A Sparse Expansion For Deep Gaussian Processes

TL;DR

This paper introduces a hierarchical expansion of Tensor Markov Gaussian Processes (TMGP) to create a deep DTMGP model that offers accurate inference and significantly improved computational efficiency for complex stochastic processes.

Contribution

It proposes a novel hierarchical expansion of TMGPs and a deep DTMGP model that reduces computational complexity in inference and training for deep Gaussian processes.

Findings

DTMGP achieves superior computational efficiency compared to existing DGP models.

The hierarchical expansion enables scalable inference for complex stochastic processes.

Numerical experiments validate the effectiveness of DTMGP on synthetic and real datasets.

Abstract

In this work, we use Deep Gaussian Processes (DGPs) as statistical surrogates for stochastic processes with complex distributions.
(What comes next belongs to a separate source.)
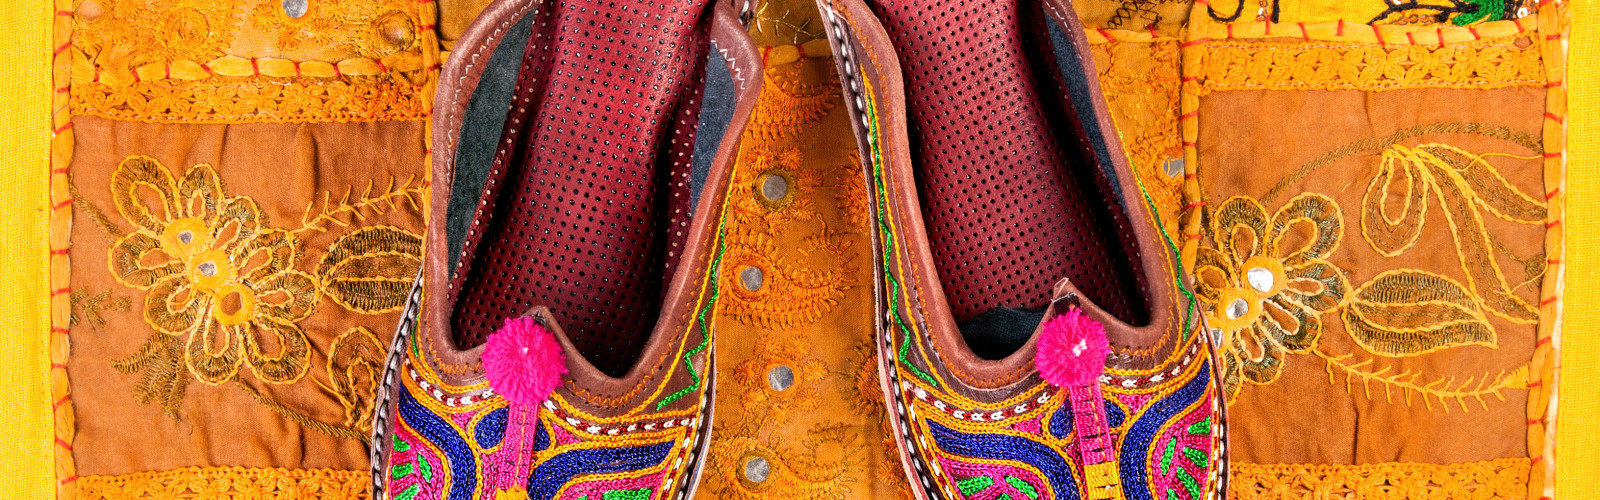 Colorful Ethinic Shoes, Jaipur, Rajasthan

Conventional inferential methods for DGP models can suffer from high computational complexity as they require large-scale operations with kernel matrices for training and inference. In this work, we propose an efficient scheme for accurate inference and efficient training based on a range of Gaussian Processes, called the Tensor Markov Gaussian Processes (TMGP). We construct an induced approximation of TMGP referred to as the hierarchical expansion. Next, we develop a deep TMGP (DTMGP) model as the composition of multiple hierarchical expansion of TMGPs. The proposed DTMGP model has the following properties: (1) the outputs of each activation function are deterministic while the weights are chosen independently from standard Gaussian distribution; (2) in training or prediction, only polylog(M) (out of M) activation functions have non-zero outputs, which significantly boosts the computational efficiency. Our numerical experiments on synthetic models and real datasets show the superior computational efficiency of DTMGP over existing DGP models.